The commission plan is adapted to the city's finances because it provides a superior safeguard. Legislative bodies in our cities have been depended upon to represent the citizens' best interest. In practice, as we have pointed out, they have not done so. Never in the history of our municipal affairs, says Henry D.F. Baldwin, has a legislative body stood out as the representatives of the people against the administrative department. Why then continue a representative body which does not in fact represent? Instead of the withered form of a council or legislative body standing between the citizen and his government the commission plan simply removes this useless obstacle and allows the citizen to participate directly in the government. This is directly in harmony with the well-established economic principle that the self-interest of the taxpayer will control where responsibility is fixed.
Mr. Charles Briggs, the third speaker on the Negative, said:
It will be well while the matter is fresh in our minds, Honorable Judges, to make a brief examination of one matter of which the Affirmative are making a feature, that the commission form affords unusual safeguards for the financial and economic interests of the city. Now, in all fairness to the scheme which is doing quite well in a very few of our smaller cities, the question ought to be raised as to what other form of city government could be devised which would provide greater opportunities for graft and corruption. A little group of autocrats is the ideal form for which the ardent corruptionists might pray. They have it in the commission form. Exemplary men in office or a constant civic interest, may prevent the commissioners from becoming a band of robbers; but are these two preventives likely always to exist? Human experience says "No." The history of New Orleans and Sacramento confirm that decision. Civic interest is bound to subside; corrupt men are sure to become commissioners. Then the oligarchy advocated by the Affirmative becomes not a "safeguard" but a band of raiders equipped by the very form of government to loot the treasury. We must insist, at this point, that our opponents have failed in their assault upon our main contention:
First, that the evils in American city government are not attributable to the fundamental principles of that government; second, that the principles underlying the proposed form are in themselves wrong and are not consonant generally with American ideals. It remains to be shown that the commission form is impracticable as a general scheme for the government of all American cities.
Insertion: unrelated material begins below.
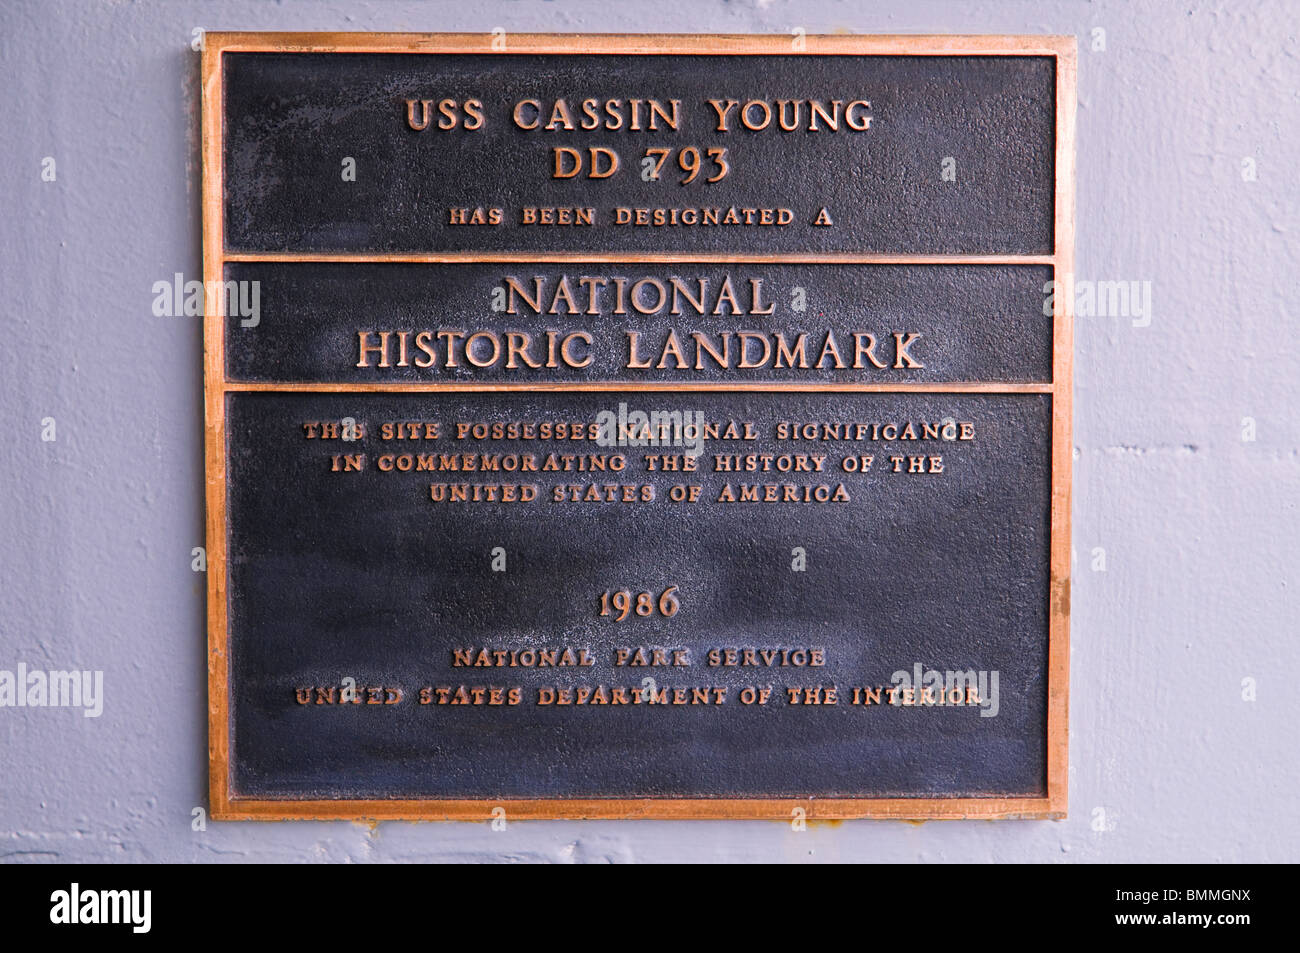 Plaque sur l'USS Cassin Young (Monument historique), Charlestown Navy Yard, Boston, Massachusetts Banque D'Images

We can very well agree that where the commission form of government has been tried it has been productive of some good results, and further, that in certain homogeneous communities of high culture and intelligence it might work with considerable success; but that the result obtained in cities where the commission form has been tried would warrant the universal adoption of it by American cities we must deny.
We deny the wisdom of adopting the commission form for it results in inadequate responsibility; third, it could never work in the vast majority of American cities. These reasons are apparent from examinations of the commission form where it has been and is being tried, and are inherent in the plan itself.